Misteriosamente, encontramos em “A Ilustre Casa de Ramires” algo que o brasileiro Álvaro Lins descobre com perspicácia: “mais do que em João da Ega, é em Gonçalo Ramires que Eça pode ser encontrado. João da Ega será uma imagem da sua mocidade, dos seus projetos, das suas ‘blagues’, do seu tipo exterior e convencional – de tudo o que ele seria se tivesse falhado. Mas em Gonçalo, a mais analisada e a mais conhecida das suas personagens, é onde Eça está. Onde estão, pelo menos, alguns dos seus sentimentos mais fortes, da sua maneira de ser, da sua posição em face da vida.
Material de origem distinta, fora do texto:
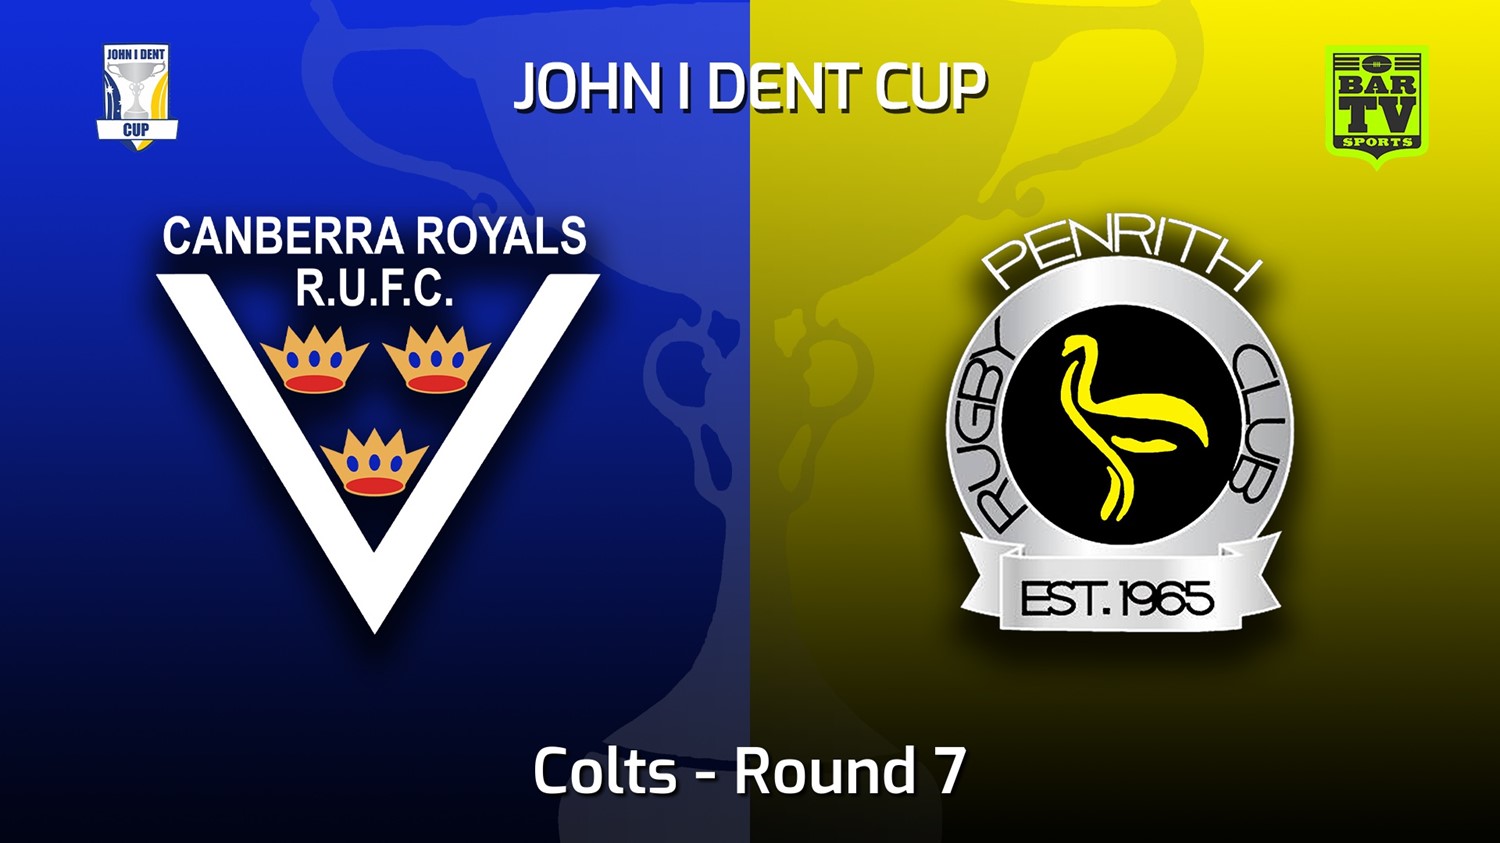 220604-John I Dent (ACT) Round 7 - Colts - Canberra Royals v Penrith Emus Slate Image

E é curioso que Gonçalo, ao contrário de Fradique, sendo Portugal, sendo Eça, sendo o homem-português, permaneça ainda Gonçalo Ramires. Nem o sectarismo, nem o sentimento, nem o patriotismo, em Eça de Queiroz – nada, nem ele mesmo – perturba a criação artística”. Beatriz Berrini falará, por isso, de um “intelectual discrepante”. E nesta discrepância está o paradoxo que leva Eça (e os seus amigos) a serem considerados como “Vencidos”, quando de facto são vencedores, quer pela influência decisiva que se estende aos nossos dias, quer pela mensagem, a um tempo crítica e mobilizadora, de recusa terminante de derrotismo ou desistência, já que eles, de facto, não baixaram os braços. E a contradição de Gonçalo é claríssima, sabendo que a História, mais do que um motivo de orgulho retrospetivo torna-se demonstração de que a responsabilidade fica do lado da ação…

Para entender, basta ler Antero em “A Província” no texto “Expiação”, na sequência do Ultimatum inglês: “o nosso maior inimigo não é o inglês, somos nós mesmos. Só um falso patriotismo, falso e criminosamente vaidoso, pode afirmar o contrário. Declamar contra a Inglaterra é fácil: emendarmos os defeitos gravíssimos da nossa vida nacional será mais difícil, mas só essa desforra será honrosa, só ela salvadora. Portugal ou se reformará política, intelectual e moralmente ou deixará de existir”.